▶ **About this exercise**
Skip the pictures, please, and write out exactly every line from the one containing "Recenzja Asustor AS5202T" through the end of the listing below.
[[ Collected material, beginning ]]
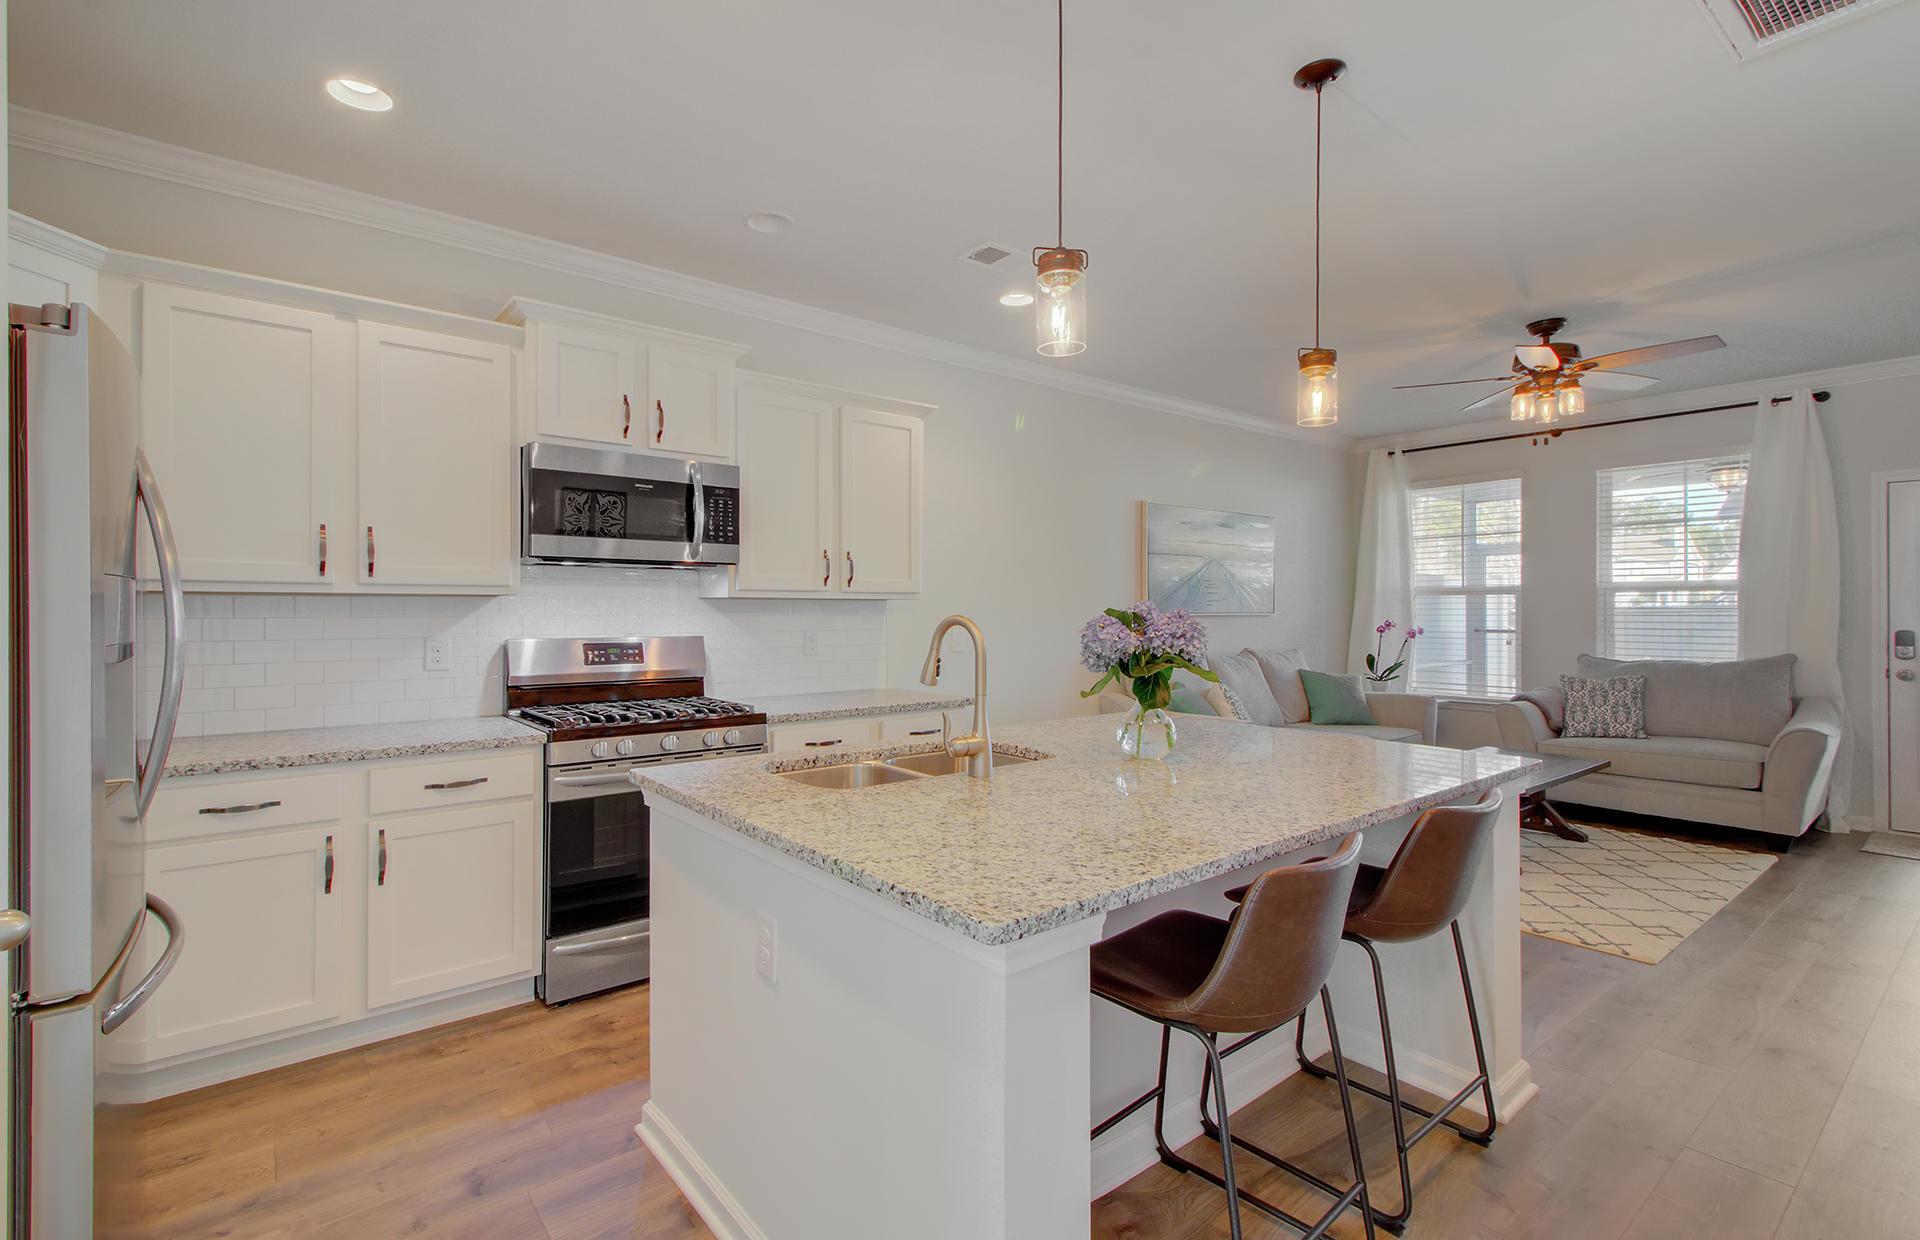 Park West Homes For Sale - 2569 Kingsfield, Mount Pleasant, SC - 26
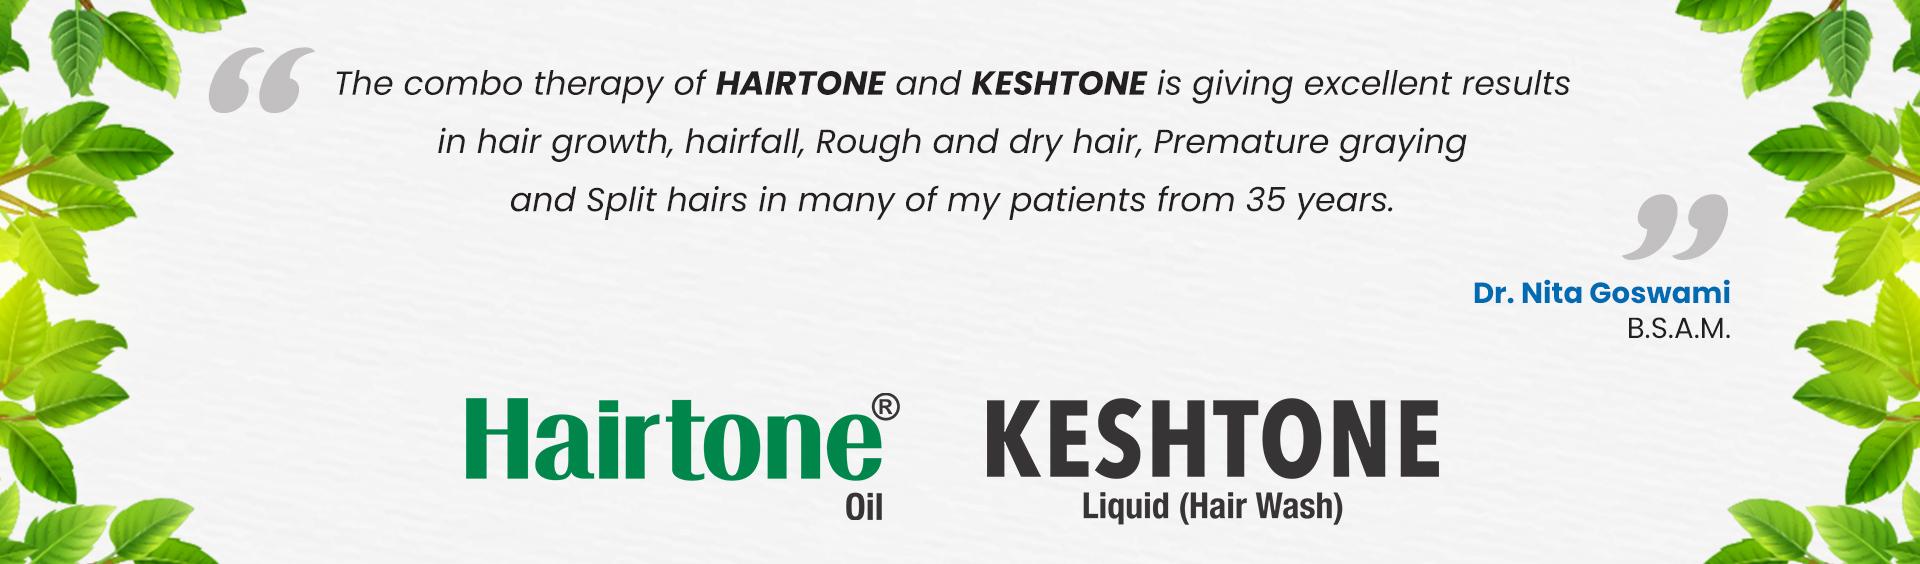 Testimonial-(Hairtone-Keshtone)---1920-x-564
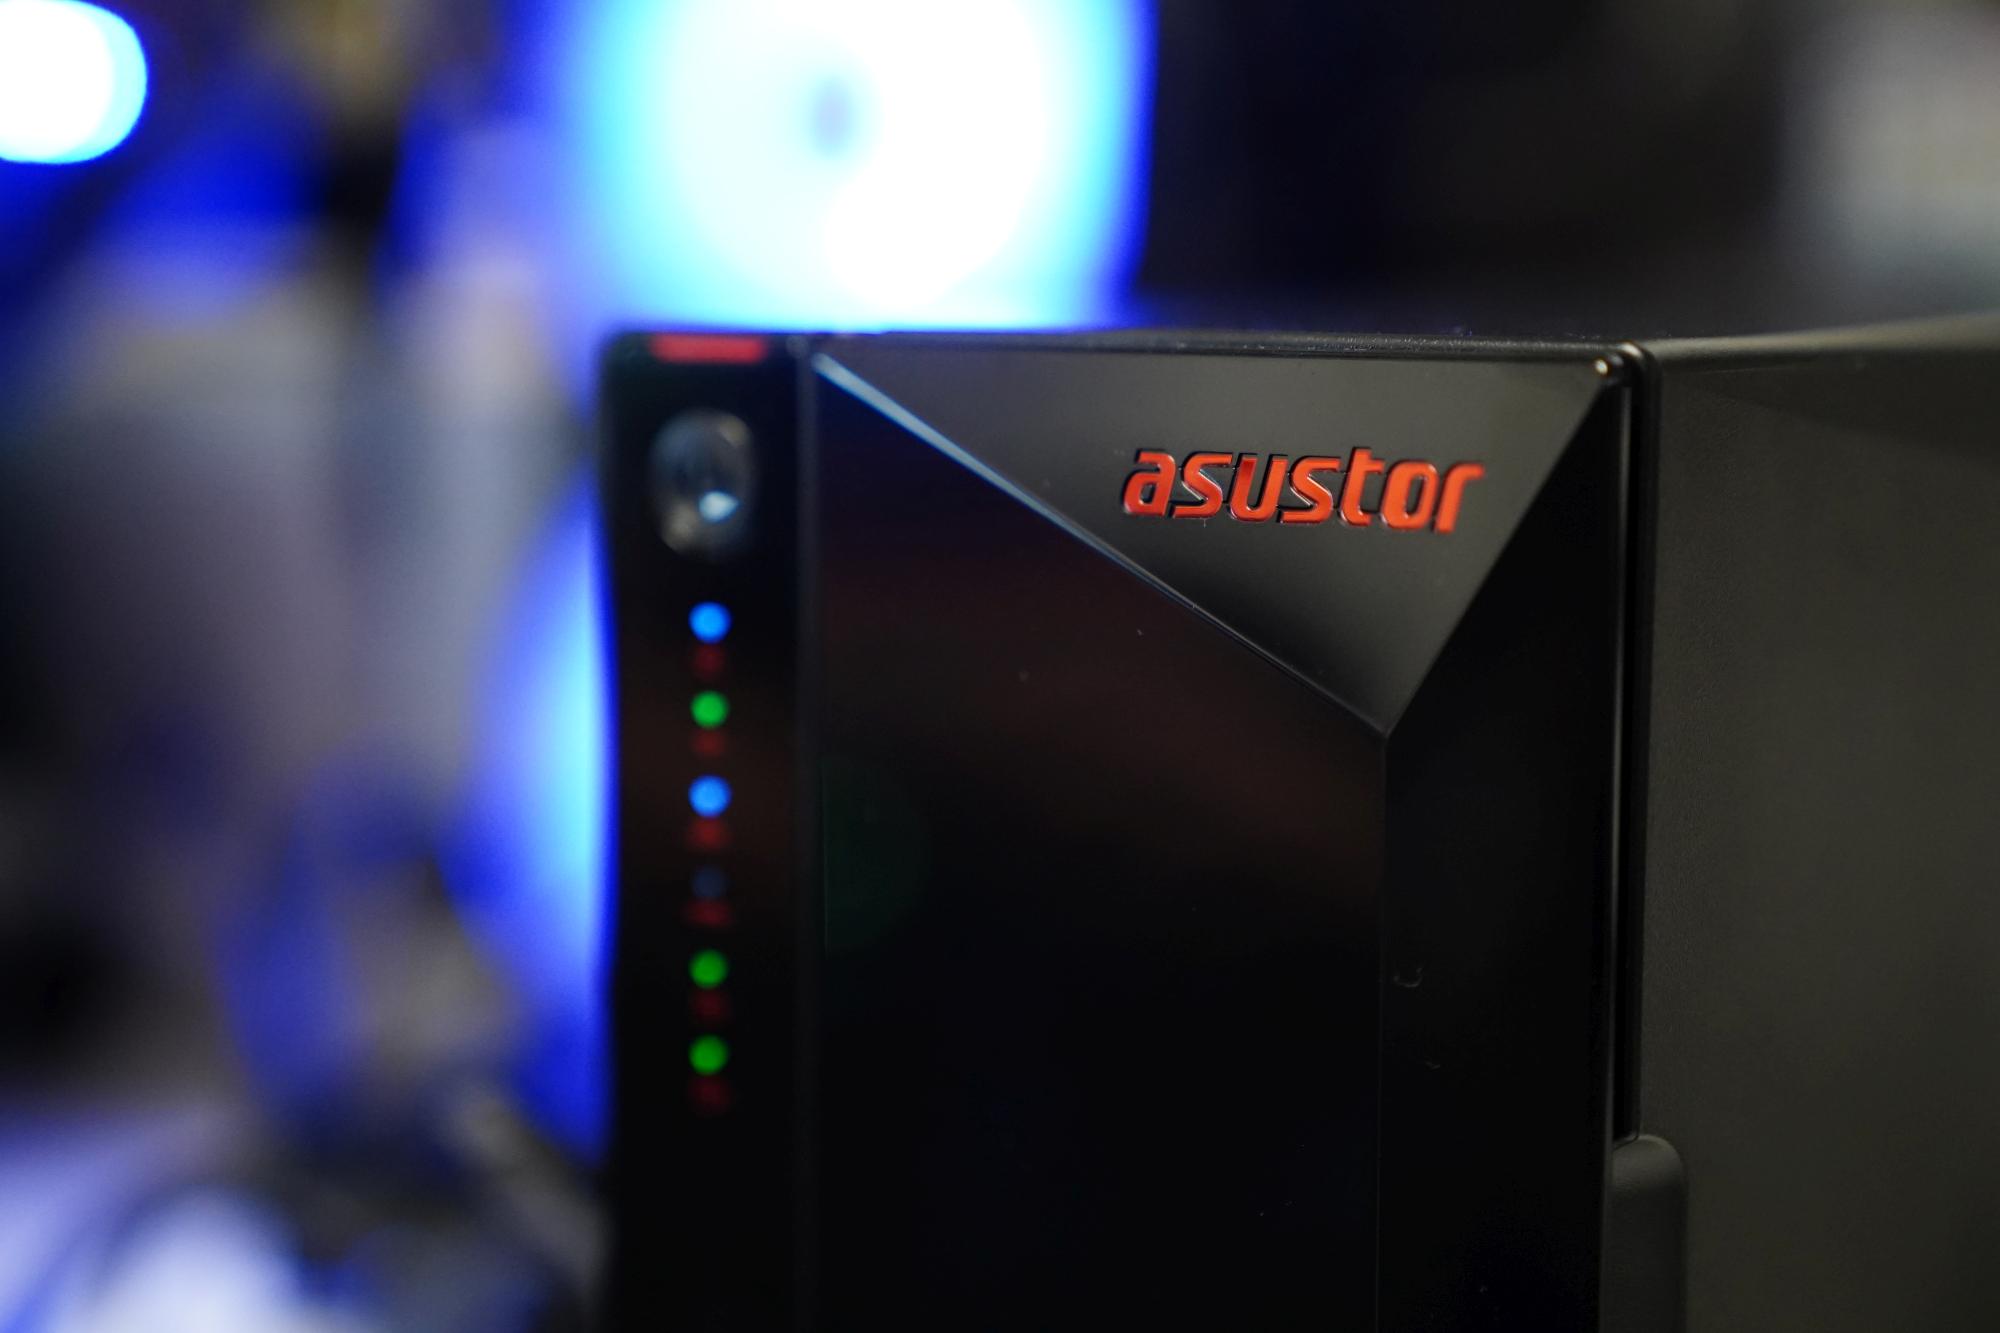 Recenzja Asustor AS5202T Nimbustor 2. Świetny NAS do użytku domowego i firmowego 25
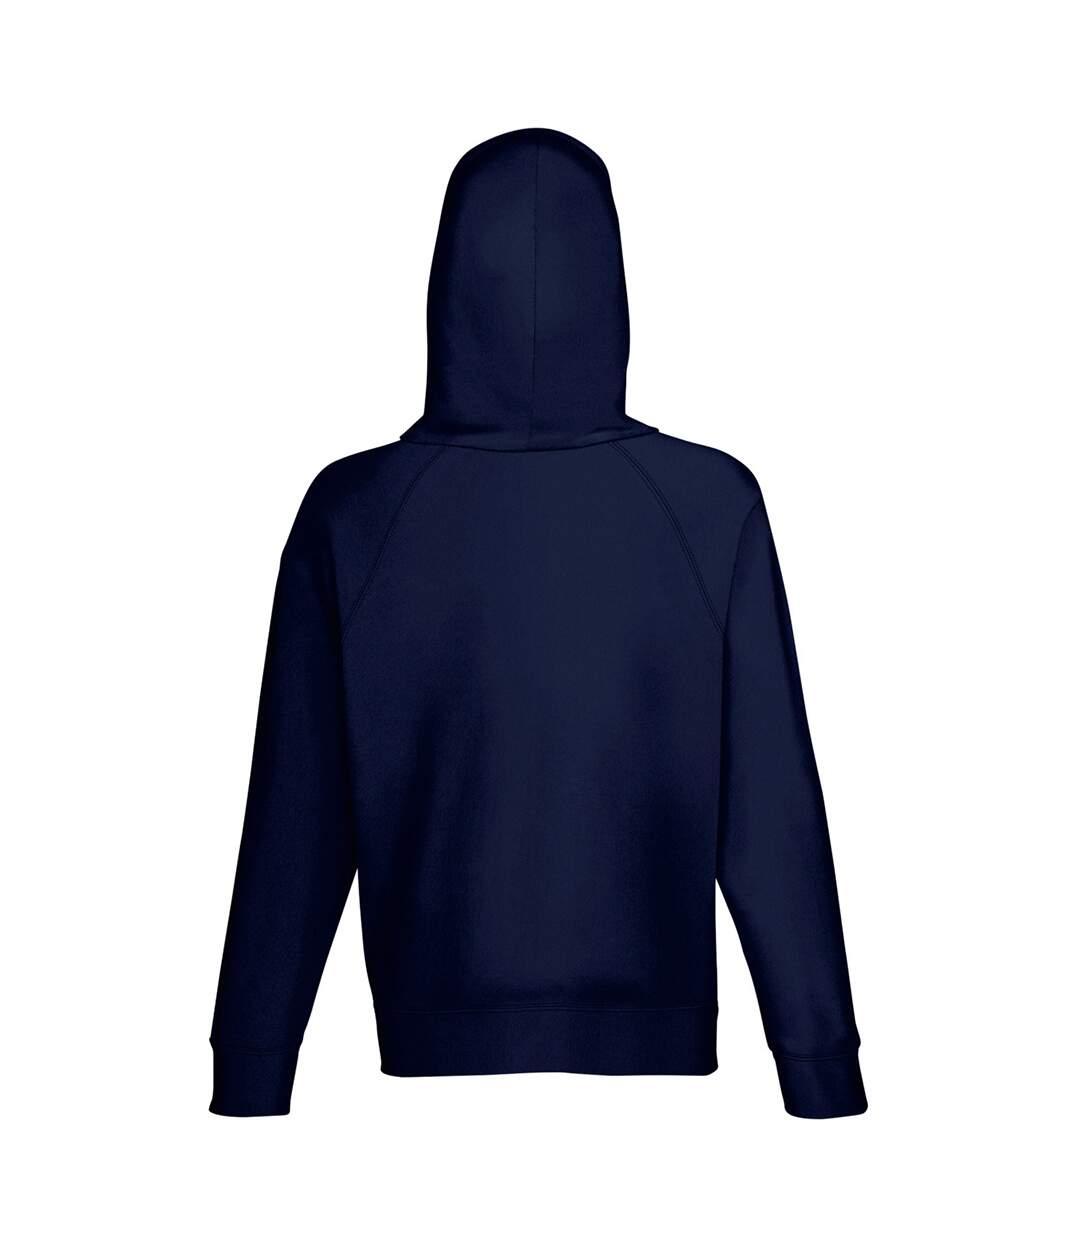 Fruit Of The Loom Mens Lightweight Hooded Sweatshirt / Hoodie (240 GSM) (Deep Navy) - UTBC2654
[[ Collected material, end ]]
▶ **Task solution**
 Recenzja Asustor AS5202T Nimbustor 2. Świetny NAS do użytku domowego i firmowego 25
 Fruit Of The Loom Mens Lightweight Hooded Sweatshirt / Hoodie (240 GSM) (Deep Navy) - UTBC2654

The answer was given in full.